While this rule seems self-explanatory, it includes items such as fireworks, hand grenades, dynamite, butane, fuels of any kind, paint, turpentine, and anything else your gut probably tells you to leave at home.

Laptop and Electronics

It’s not that these items are forbidden per se, but leaving them out is for your protection because they are fragile and expensive. Not to mention, you run the risk of them getting lifted in the unfortunate event that unwanted hands rifle through your luggage — or your bag is stolen entirely. However, the one electronic device that is completely banned is the Samsung Galaxy Note 7 due to its history of exploding in the air. 

Lithium Batteries

While lithium batteries are a must when charging many electronics, they’re not allowed in your checked-in luggage. Lithium-metal (non-rechargeable) batteries are limited to two grams of lithium per battery, while lithium-ion (rechargeable) batteries are restricted to 100-watt hours per battery. But don’t worry; these are the typical amounts the average travel requires. 

Matches, E-Cigarettes, and Vaping Pens

You may not have realized it, but you can actually bring a single book of safety matches in your carry-on bag, according to the TSA. However, they’re forbidden in checked baggage along with strike anywhere matches, e-cigarettes, and vaping pens — though these, too, can be in your carry-on. Up to two fueled lighters can be packed in checked suitcases if they are DOT (Department of Transportation) approved. 
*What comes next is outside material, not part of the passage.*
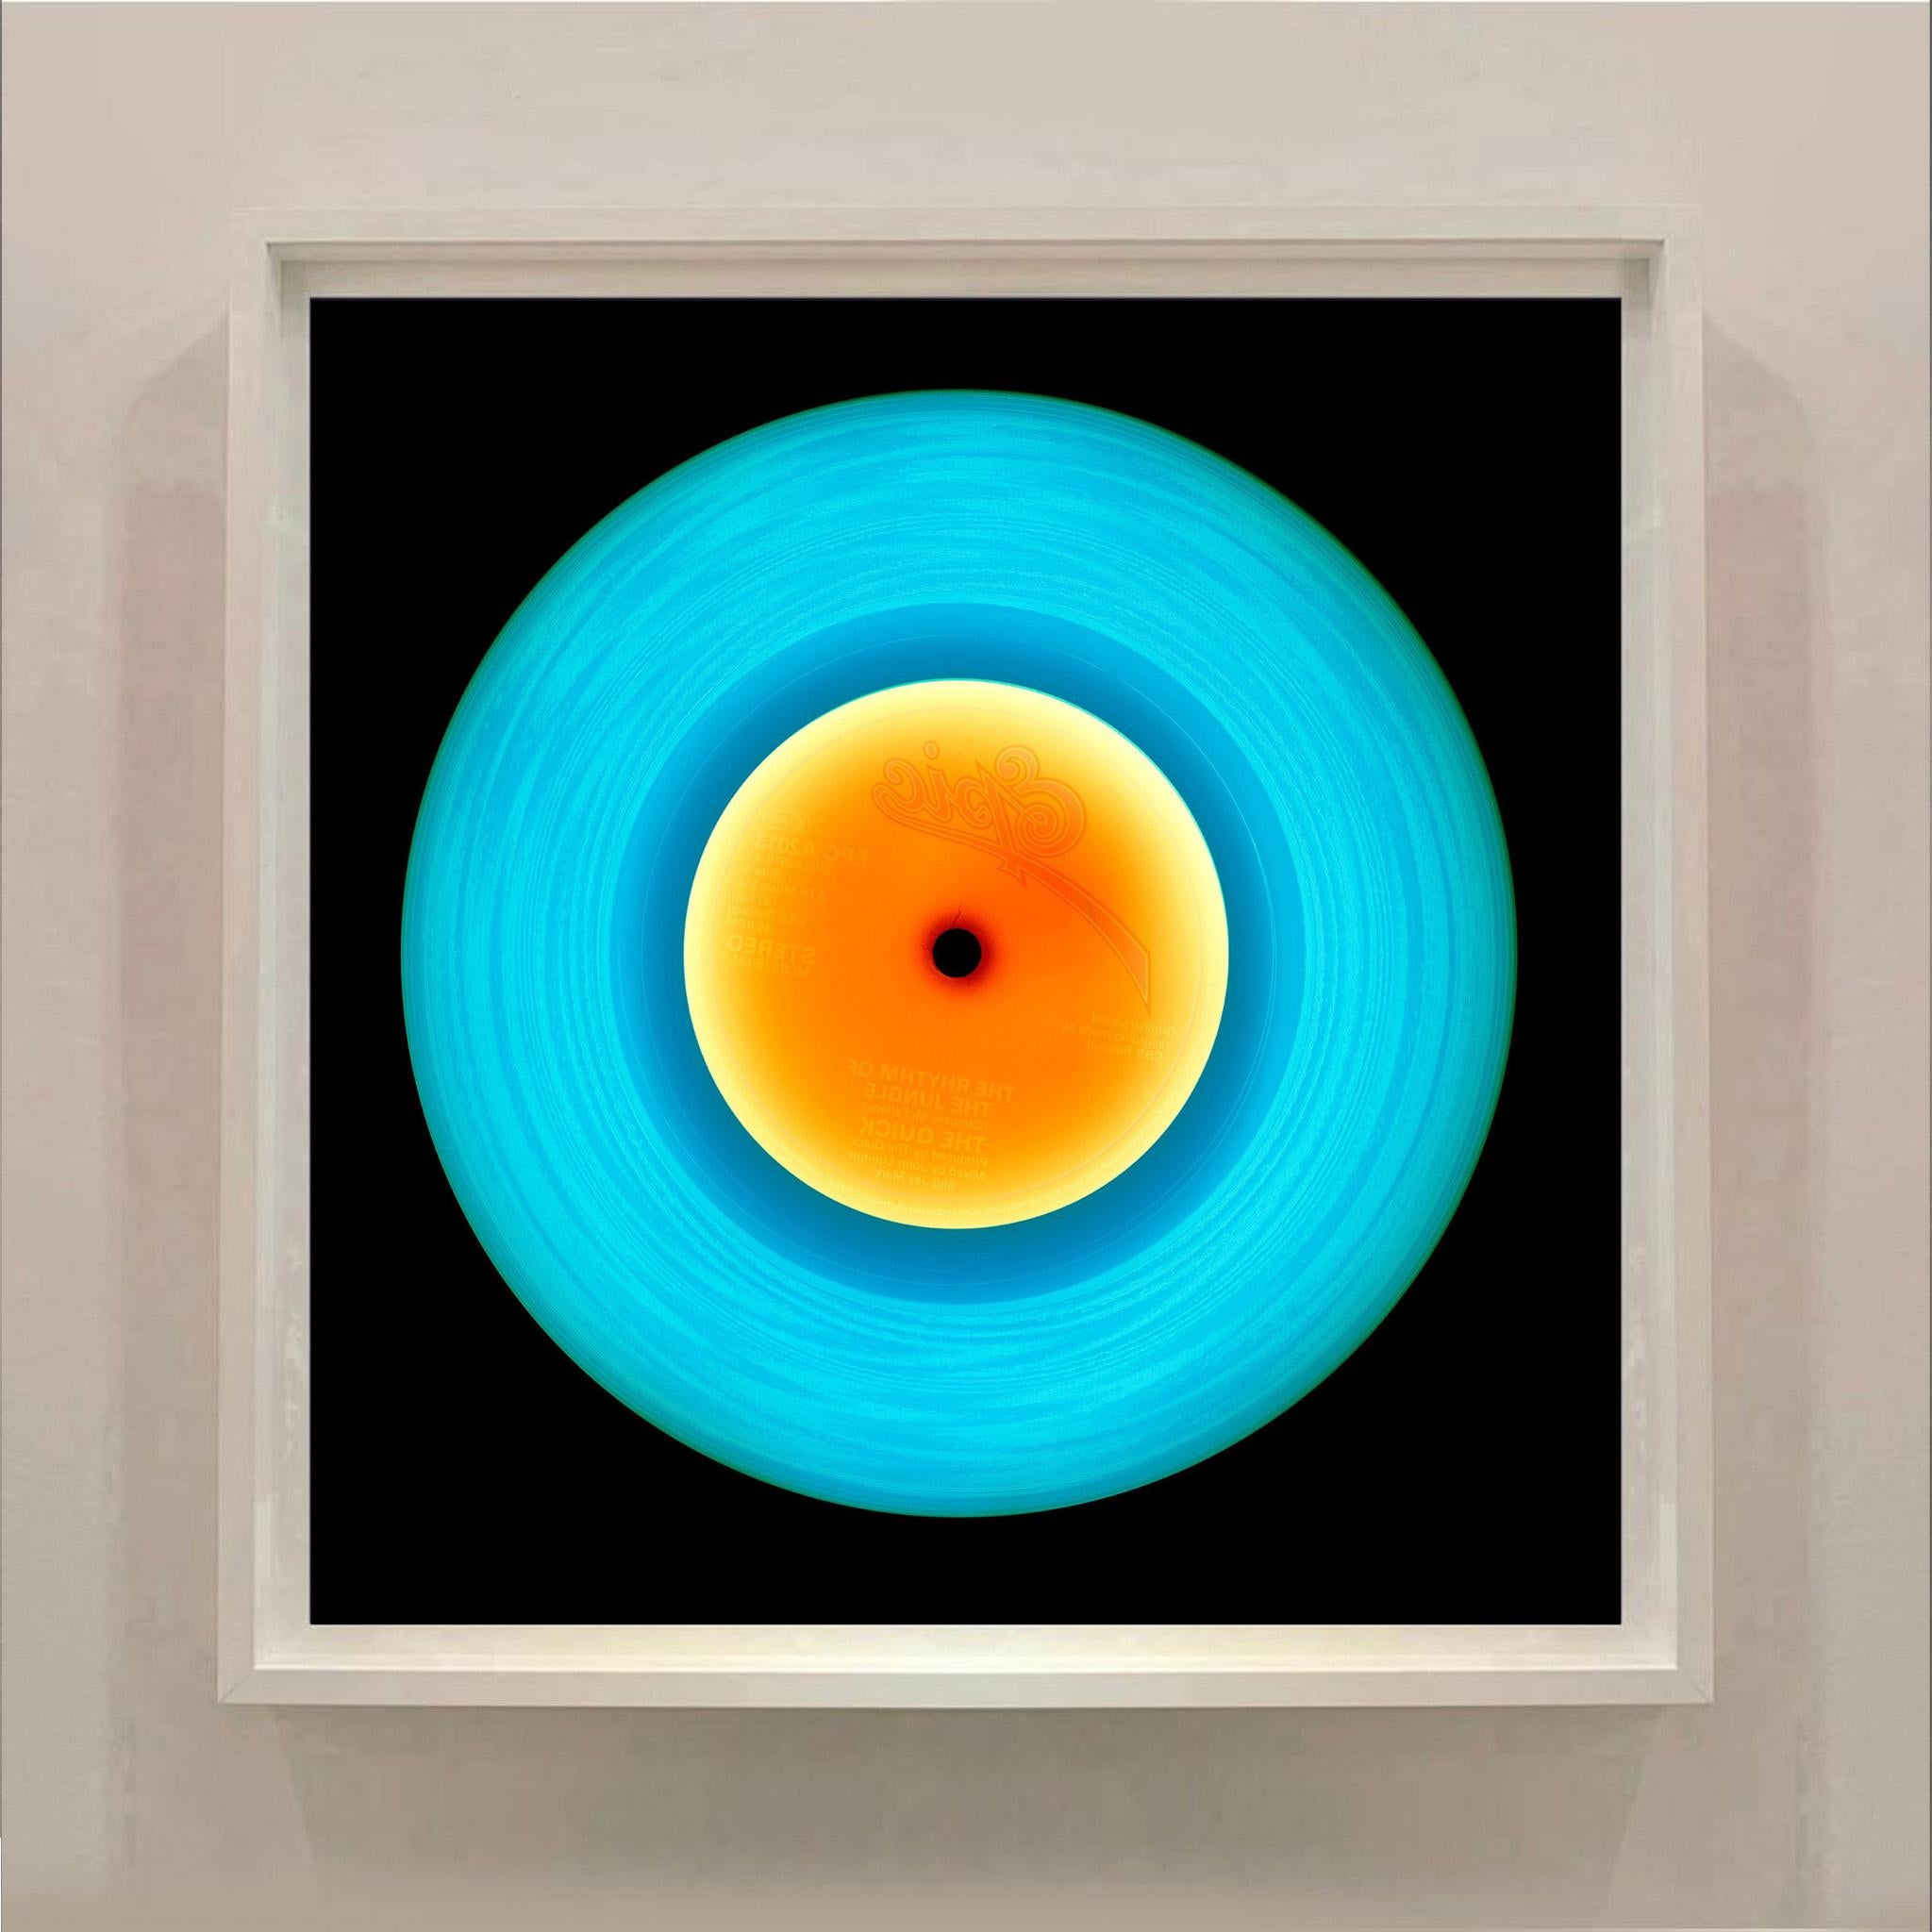 1981 Blue Orange, from the Heidler & Heeps Vinyl Collection.
Acclaimed contemporary photographers, Richard Heeps and Natasha Heidler have collaborated to make this beautifully mesmerising collection. A celebration of the vinyl record and analogue

Anything Valuable or Sentimental

Whether it’s an expensive piece of jewelry or a family heirloom that’s worth more than money can buy, leave it at home. It’s simply not worth the risk of losing something of great monetary or sentimental value. Even if you submit a claim form, should there be a mishap, any small amount of compensation can’t match your loss. If you simply must bring these items, they’re better off stored safely in your carry-on or personal item

While you’ve got a lot more flexibility when you decide to check your bag (Liquids in checked baggage are allowed! Product junkies rejoice!), it’s never a bad idea to check with the carrier you’re flying with if you plan on packing any questionable items. In the meantime, enjoy planning your next trip — and don’t forget to leave a bit extra room for souvenirs!